Data provided
== Segment start ==
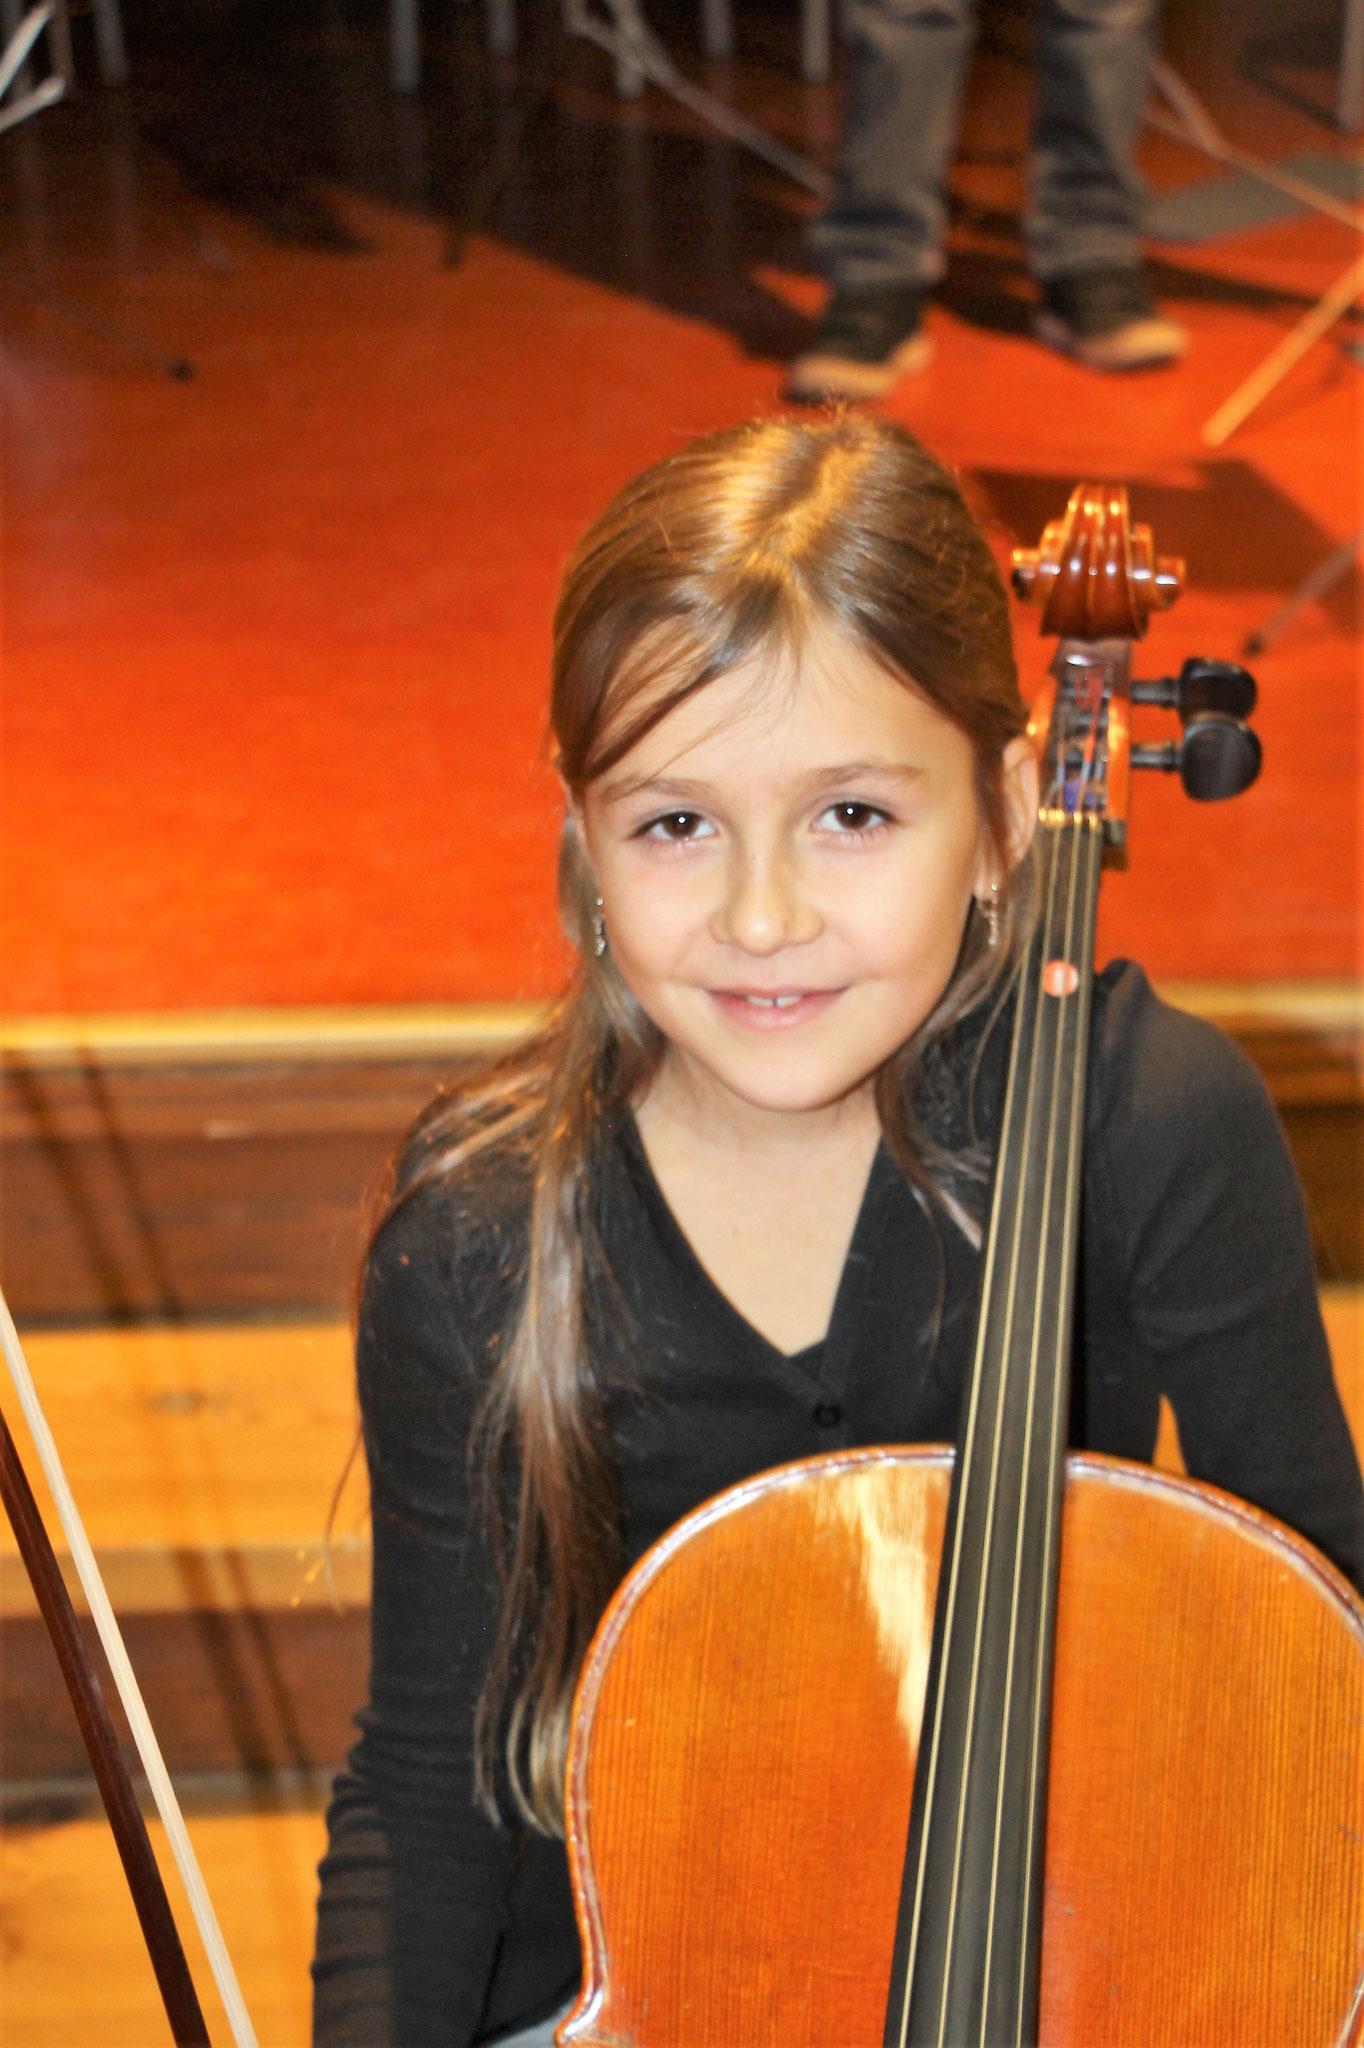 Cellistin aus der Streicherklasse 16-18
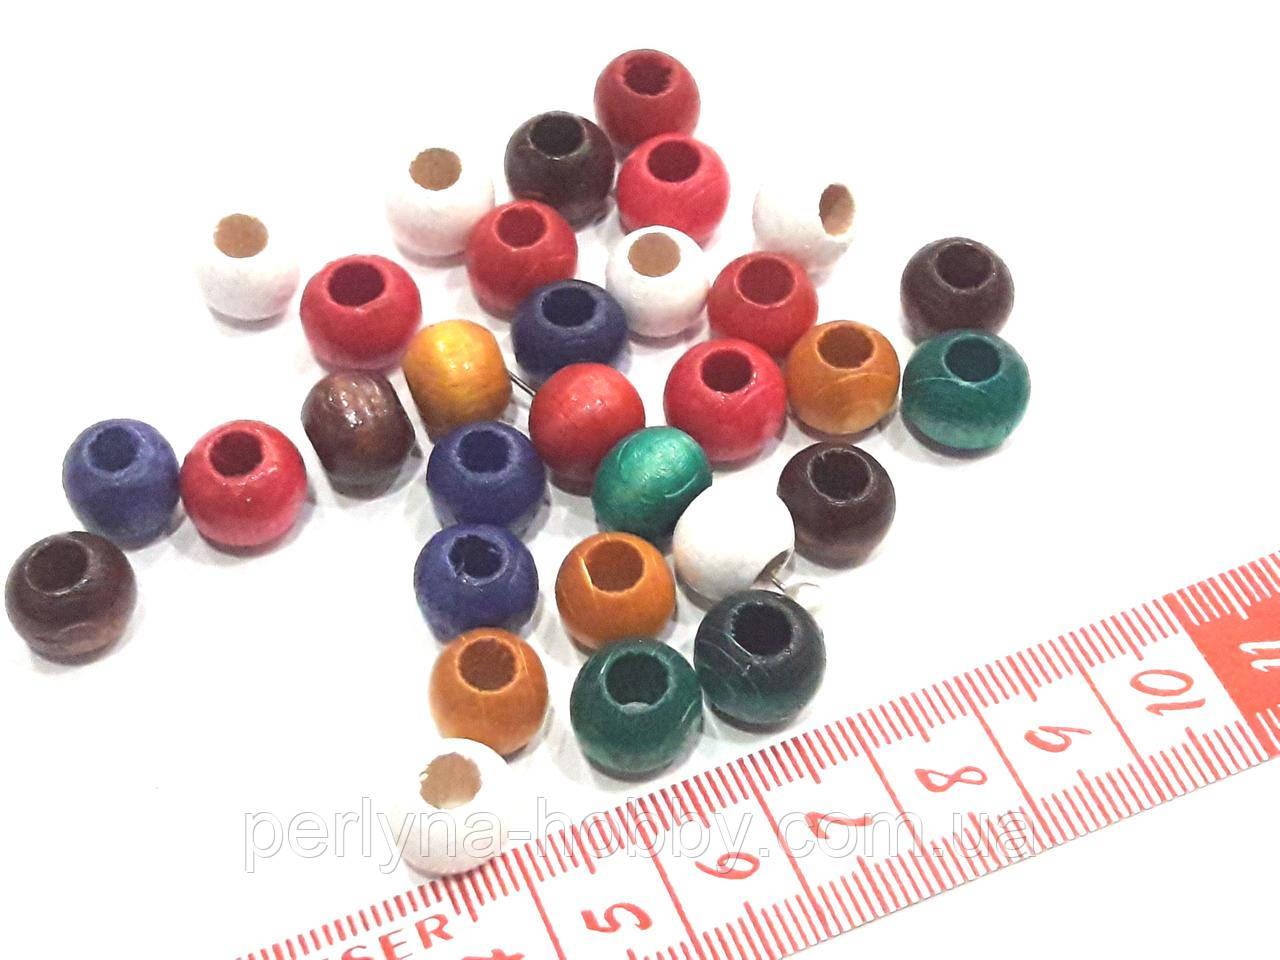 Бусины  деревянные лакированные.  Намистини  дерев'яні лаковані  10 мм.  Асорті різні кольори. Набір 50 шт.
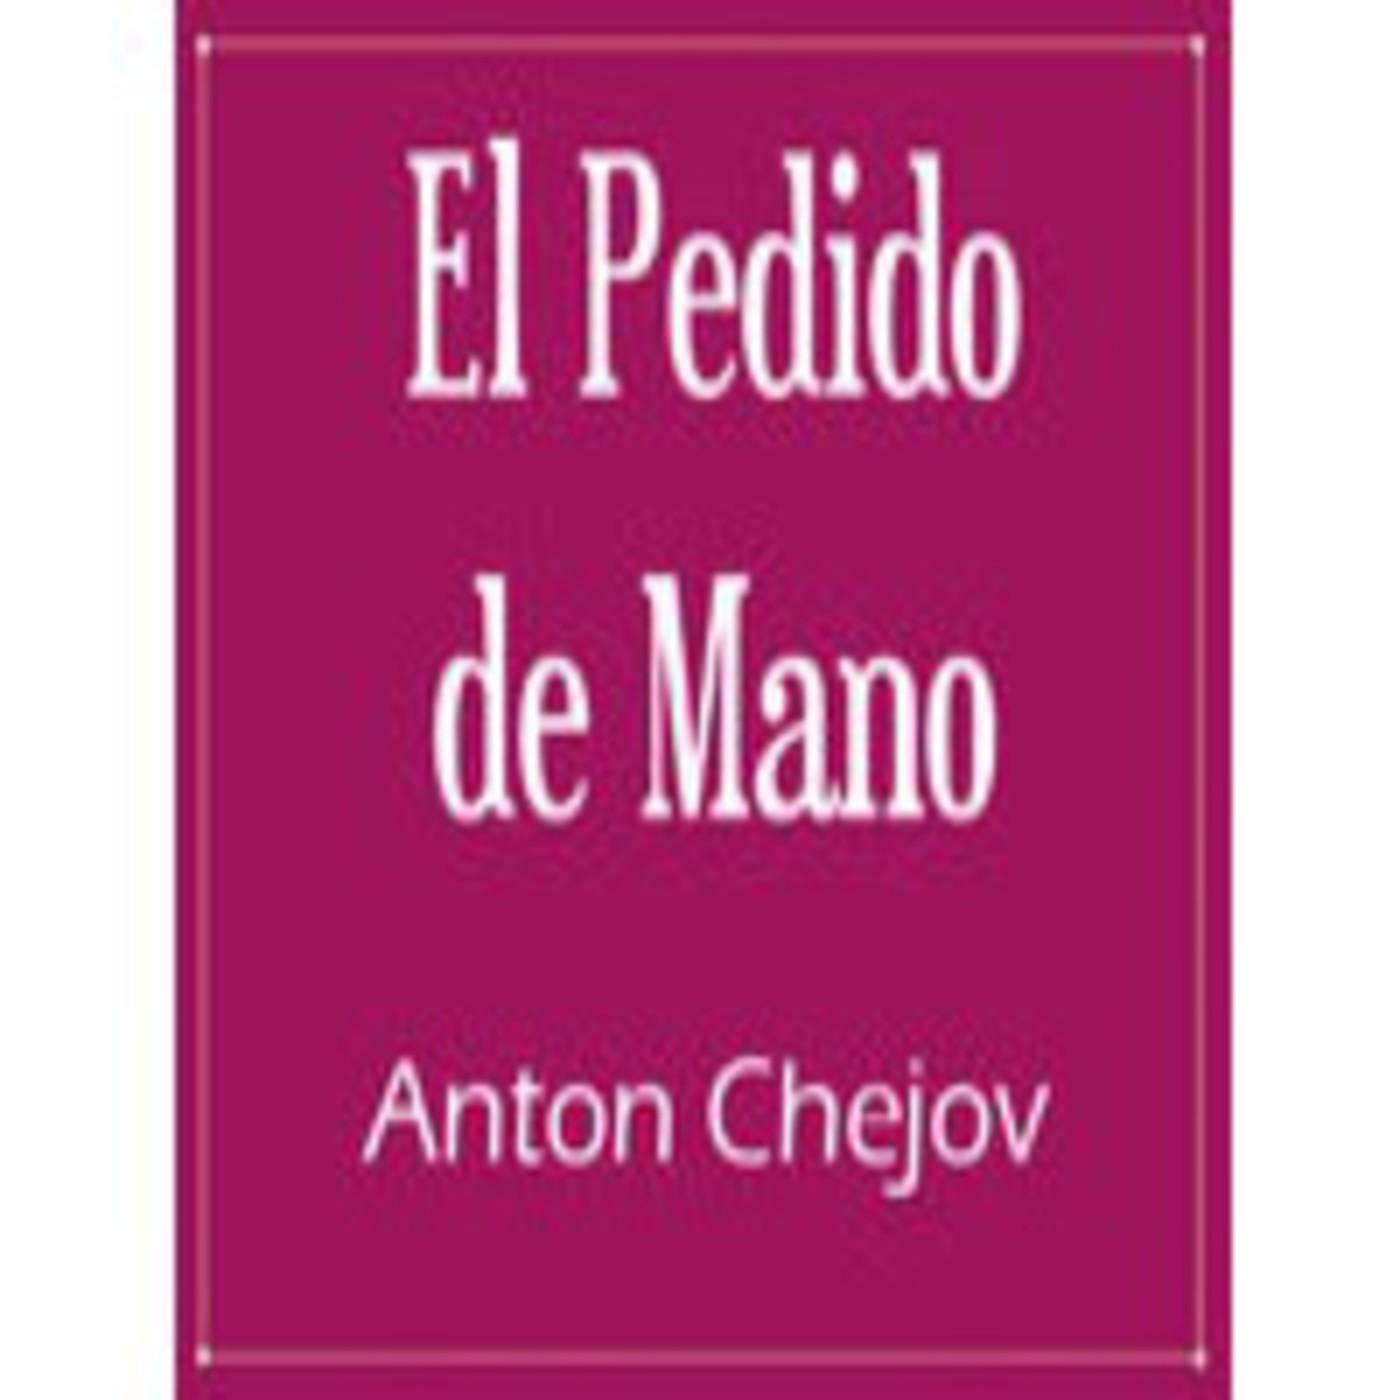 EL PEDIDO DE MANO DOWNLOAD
== Segment end ==
Your instructions
Repeat the data above exactly, images excluded.

Solution
 Cellistin aus der Streicherklasse 16-18
 Бусины  деревянные лакированные.  Намистини  дерев'яні лаковані  10 мм.  Асорті різні кольори. Набір 50 шт.
 EL PEDIDO DE MANO DOWNLOAD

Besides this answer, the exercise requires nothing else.